I personally feel that children should not be born into a religion. I feel that it is okay for parents to share their beliefs with their children and explain their religion, but children should not be born into the religion automatically. I feel that they should be educated in all religions as much as one another rather than having the teachings of their parent's religion drilled into them relentlessly. I think no child should be able to join a religion, and that only once someone has become recognized as an adult should they be able to make that decision. I also think that this would allow children to accept and understand science a lot more than they do now. I know people who were born into various religions, and despite being educated in exactly the same way as me, refuse to accept the facts bought forward by science because of the ridiculous dogmatic certainty in their religion that was forced upon them by their parents. What's the point of teaching a child about science if their parents and religious community are just going to instill the fear of God in them?
To clarify, this is not an attack on religious people. I am not religious myself, but I do not hate those who are and would never put a question out simply as a verbal assault. These are my opinions and I'd like to hear as many different perspectives on the subject as possible!
Thanks for contributing everyone, some really interesting thoughts on this. I wanted to address something to "a friend": Your answer shows that you are a Christian, so let me make the question more relevant. Would it not actually be better to allow children to find Jesus Christ themselves? Surely you'd agree that it would be better for a person to actually come to Christianity themselves, rather than just following the religion because they are told to? I would have thought that someone being Christian purely because it's been drilled into them and out of habit would defeat the entire object? I mean, what is there to fear? surely as a believer, you'd say that God would show each child the way? By "introducing" children to Christ before they have a chance to explore other ideas or object, it really does make it look like children are indoctrinated into Christianity. Would you not agree?
Does anyone else have any thoughts on this?
Doctor - Thanks for your contribution, I appreciate you taking the time to share your views. I've emailed you with a response as I've ran out of characters on the question!
8 Answers
- forgotLv 68 years ago
I thought this for many years until I read of the discoveries made by people like Helen wambach and brian Weiss. People choose every aspect of the their future life before they enter the body, if the person wanted to be born into an atheist family they would be born into one. No religion is wrong just a different path to the same source.
- ?Lv 78 years ago
morals and ethics are not part of an religious dogma that requires all children born to them are brought up in that religion.
since the more controlling a religion is ( over mind and economics etc) the more it will need to have its followers heavily indoctrinated. to a point they simply cannot fathom doing otherwise and will argue to support it in every way.

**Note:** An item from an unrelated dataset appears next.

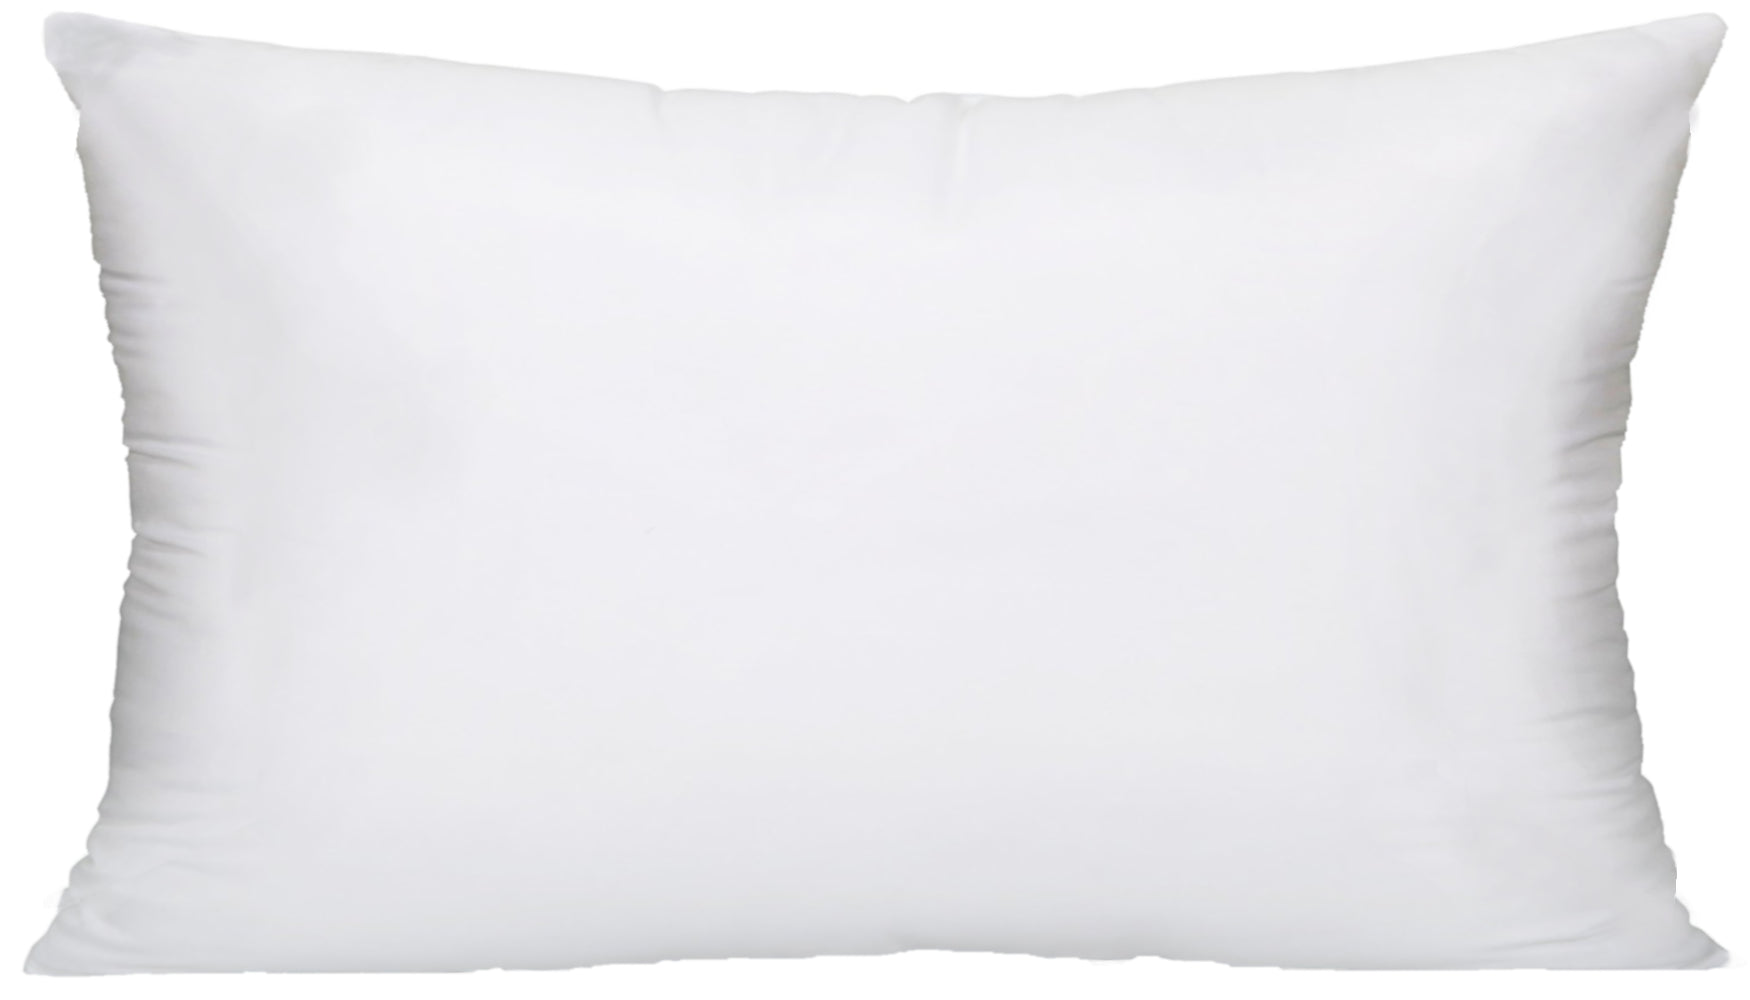  A synthetic down pillow is a type of pillow designed to mimic the feel of traditional down pillows while offering hypoallergenic benefits and often being more affordable. Unlike natural down, which is made from the soft undercoating of ducks or geese, synthetic down is made from polyester fibers that are engineered to closely resemble the loftiness and resilience of natural down.

such mental indoctrination form an early age is very powerful. letting anybody have a free mind and having a free choice is frightening to any religion requiring all followers to follow without question or reason.
to see how powerful such indoctrination can be look up stockholm syndrome and patty hearst.
- Anonymous8 years ago
I think children naturally want to copy their parents and they learn and observe and copy what they see in their environment so even if a parent said well i wont actively raise you as a christian they wil be copying their family until they know better.
Some religions more than others take over your lifestyle and affects your way of life like sunday being spent in church or covering your hair .. its harder to separate it and continue to raise a child free from the parents or carers influence.
what i am against is religious schooling..you know going to a catholic schoo or jewish saturday school or teaching them the quran (more like memorising it)..
thankfully there are people who find their own path despite being raised in a heavily reigious environment.
- 8 years ago
I agree with you.
the exact same case people would make for them to be "born into relgion" is the same argument one would make for children in southern homes to be "born into racism" when their parents were former slave owners.
the parents knew a certain way of life and thinking, and thrust such wrongs on their children forcing the childrens educational process to be skewed by that not by logic.
it is less a problem in developing countries today for the simple fact that children have access to internet and other information as opposed to 50-60 years ago when it was easier to curtail their access to information.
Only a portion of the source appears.